Digital technologies are becoming cheaper, more powerful and more widely used in daily life. At the same time, opportunities are increasing for making use of them to augment learning by extending learners’ interactions with and perceptions of their environment. Augmented learning can make use of augmented reality and virtual reality, as well as a range of technologies that extend human awareness. This paper introduces some of the possibilities opened up by augmented learning and examines one area in which they are currently being employed: the use of virtual realities and tools to augment formal learning. It considers the elements of social presence that are employed when augmenting learning in this way, and discusses different approaches to augmentation.
数字化技术的价格越来越便宜,功能越来越强大,在日常生活中用途越来越广泛。与此同时,利用数字化技术进一步促进学习者与他们所处环境的互动以及对环境的 感知以增强学习的机会也越来越多。增强学习可以利用增强现实和虚拟现实以及许多能提高人类意识的技术。本文介绍增强学习的一些可能性并讨论目前正在应用增 强学习的一个领域:运用虚拟现实和工具增强正式学习。文章分析了基于虚拟现实和工具的增强学习所需的社交临场成分,并讨论不同的增强方法。
Ferguson, Rebecca (2016). 增强学习的可能性与挑战 [Possibilities and challenges of augmented learning]. Distance Education in China, 6 pp. 5–13.
This paper explores the potential of analytics for improving accessibility of e-learning and supporting disabled learners in their studies. A comparative analysis of completion rates of disabled and non-disabled students in a large five-year dataset is presented and a wide variation in comparative retention rates is characterized. Learning analytics enable us to identify and understand such discrepancies and, in future, could be used to focus interventions to improve retention of disabled students. An agenda for onward research, focused on Critical Learning Paths, is outlined. This paper is intended to stimulate a wider interest in the potential benefits of learning analytics for institutions as they try to assure the accessibility of their e-learning and provision of support for disabled students.
Cooper, Martyn; Ferguson, Rebecca and Wolff, Annika (2016). What Can Analytics Contribute to Accessibility in e-Learning Systems and to Disabled Students’ Learning? In: 6th International Learning Analytics and Knowledge (LAK) Conference, 25-29 April 2016, Edinburgh, Scotland.
New paper out in the Journal of Learning Analytics Research, building on our previous papers dealing with how learners engage with MOOCs.

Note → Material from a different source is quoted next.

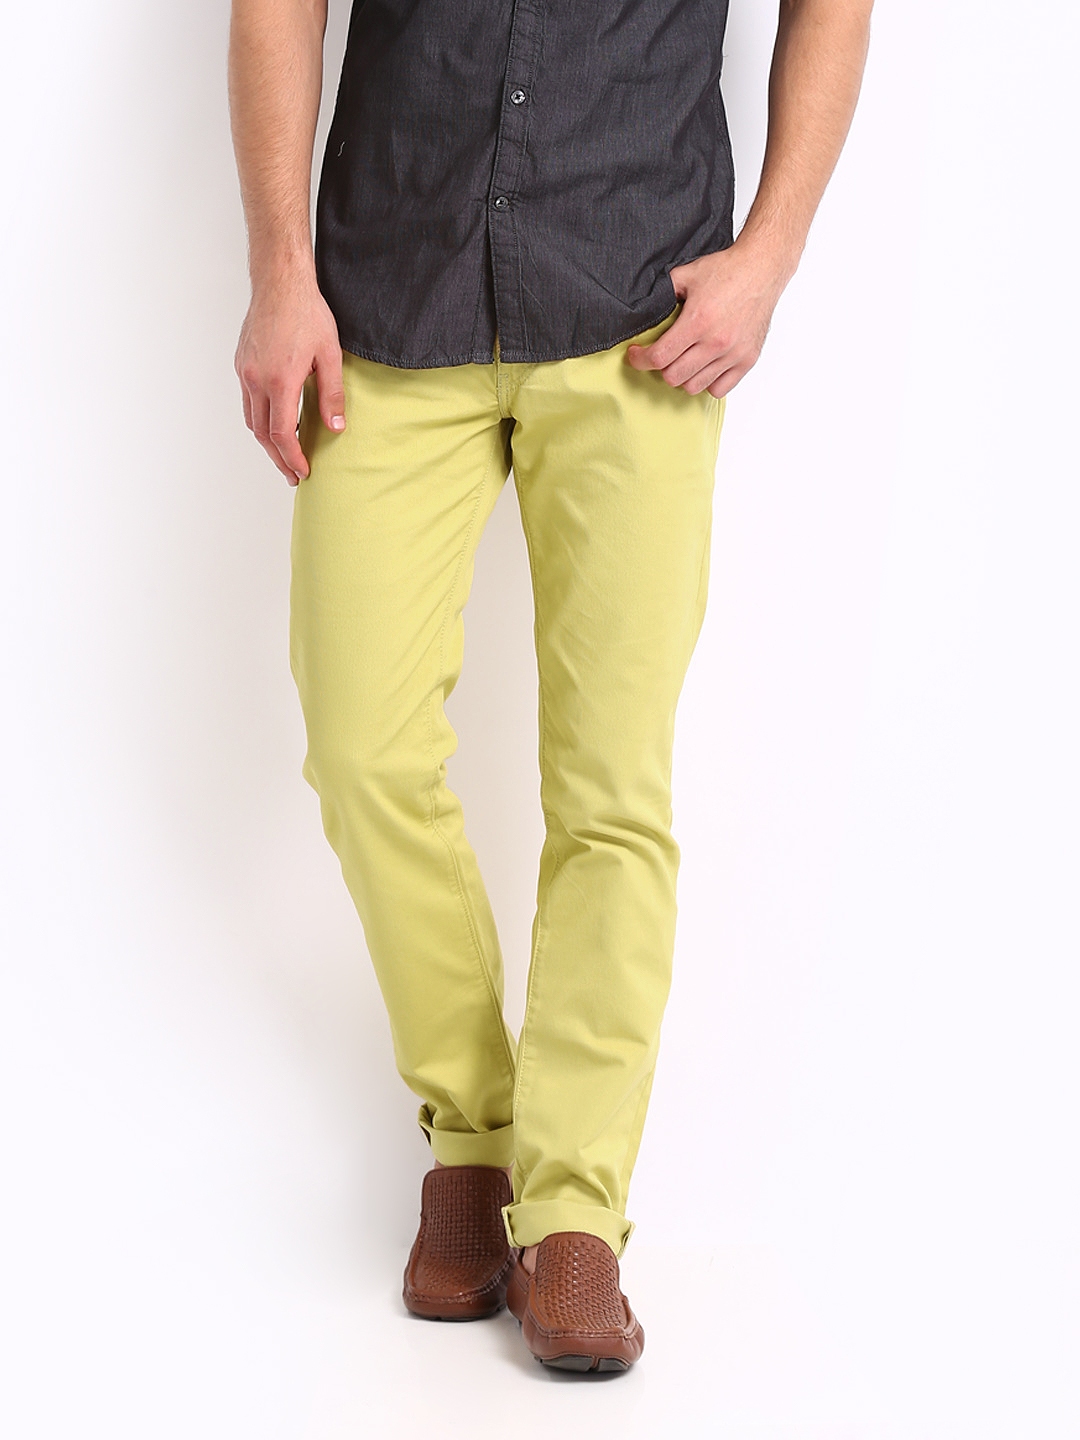 Mens Mustard Yellow Drill Jeans  Peter Christian

Massive open online courses (MOOCs) are being used across the world to provide millions of learners with access to education. Many who begin these courses complete them successfully, or to their own satisfaction, but the high numbers who do not finish remain a subject of concern. In 2013, a team from Stanford University analysed engagement patterns on three MOOCs run on the Coursera platform. They found four distinct patterns of engagement that emerged from MOOCs based on videos and assessments. Subsequent studies on the FutureLearn platform, which is underpinned by social-constructivist pedagogy, indicate that patterns of engagement in these massive learning environments are influenced by decisions about pedagogy and learning design. This paper reports on two of these studies of learner engagement with FutureLearn courses. Study One first tries, not wholly successfully, to replicate the findings of the Coursera study in a new context. It then uses the same methodological approach to identify patterns of learner engagement on the FutureLearn platform, and indicates how these patterns are influenced by pedagogy and elements of learning design. Study Two investigates whether these patterns of engagement are stable on subsequent presentations of the same courses. Two patterns are found consistently in this and other work: samplers who visit briefly, and completers who fully engage with the course. The paper concludes by exploring the implications for both research and practice.
Ferguson, Rebecca, & Clow, Doug. (2016). Consistent commitment: patterns of engagement across time in massive open online courses (MOOCs). Journal of Learning Analytics, 2(3), 63-88.